Chinese authorities are carrying out a campaign to dismantle dwellings in Larung Gar, a mountainside settlement in southwestern Sichuan province that is home to some 10,000 Tibetan Buddhist monks and nuns although some estimate the population at 20,000. Reports from the region state the Chinese government plans to limit the population to 5,000. But there is more to the conflict than overpopulation of one small mountainous village.

Photo: Gilles Sabrié for The New York Times
Elliot Sperling, the world-renowned Tibet scholar who died in February 2017, saw an ulterior motive in these activities which began after widespread Tibetan uprisings in 2008, according to The New York Times. “The party sees Tibet, inside and outside the Tibet Autonomous Region, as one of the more volatile regions and does not take kindly to alternate sources of authority, including moral and behavioral authority, and clearly the growth of Larung is problematic,” Sperling said.

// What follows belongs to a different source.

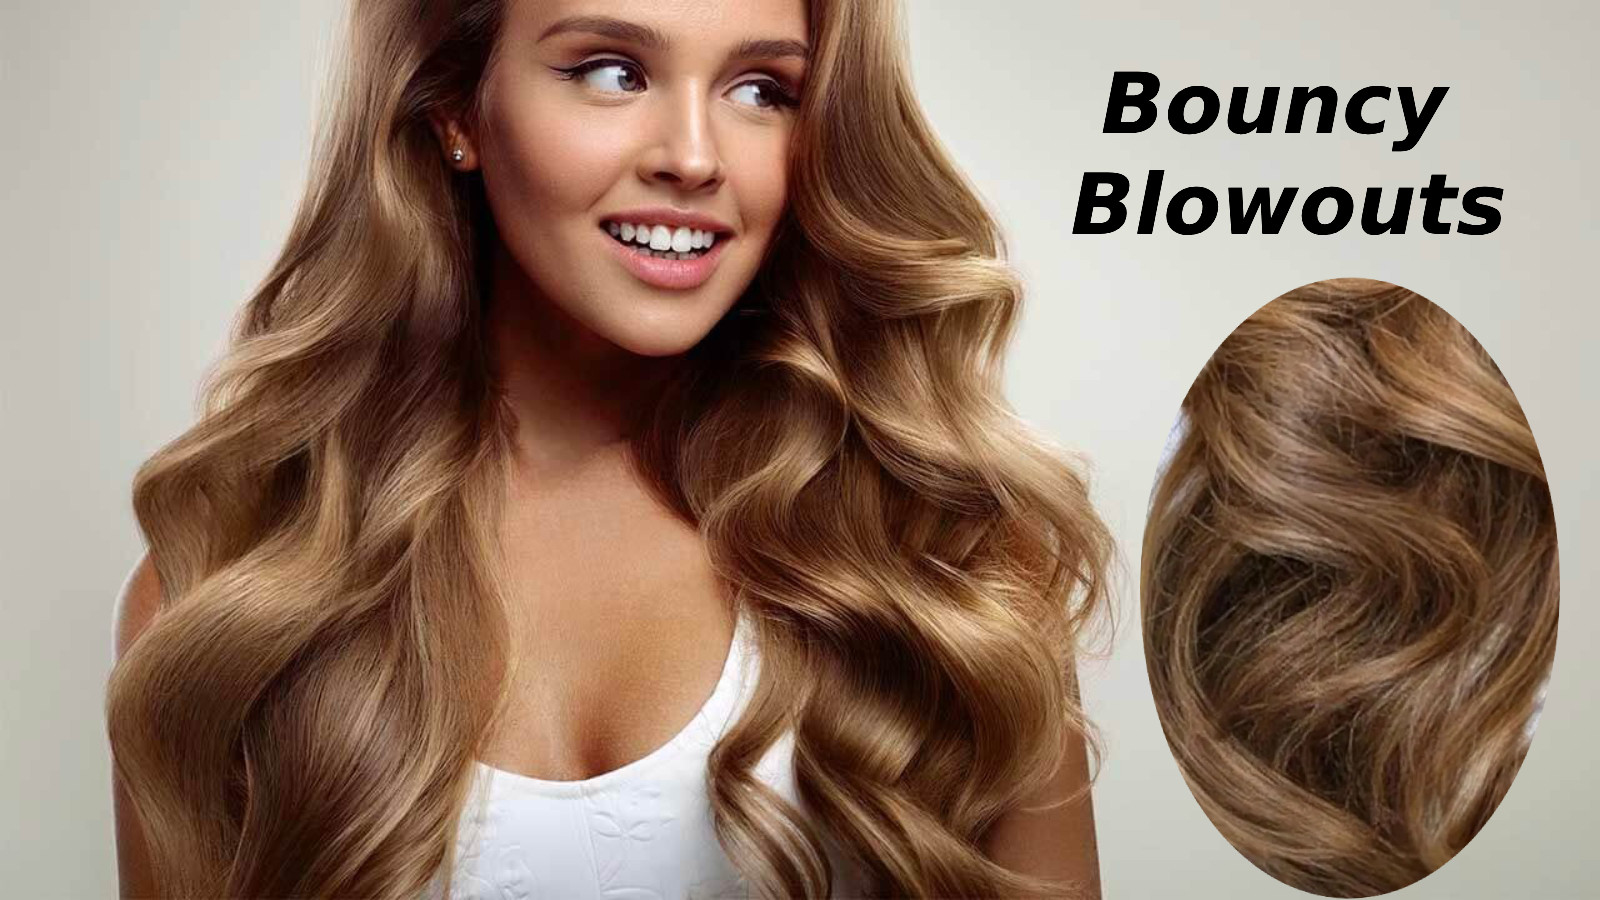 Bouncy Blowouts saç modeli nasıl yapılır?

The Times also reports that hundreds of Buddhists have already been forced out of the area. “Many Tibetans say they fear the erosion of their language, traditions and ways of worship. China still denounces the Dalai Lama, the Tibetan spiritual leader, and bans his image throughout the region…Buddhist practitioners who are Han, the dominant ethnicity in China, live alongside Tibetans in the settlement, which is a winding 16-hour drive from the provincial capital, Chengdu.”
Human Rights Watch China director Sophie Richardson states “China is aggressively dismantling religious freedom along with religious life at Larung Gar by subjecting many expelled monks and nuns to forced re-education. The restrictions imposed on former residents should be removed so they can exercise fully their rights to religious practice, including freely joining religious institutions and observing religious rituals.”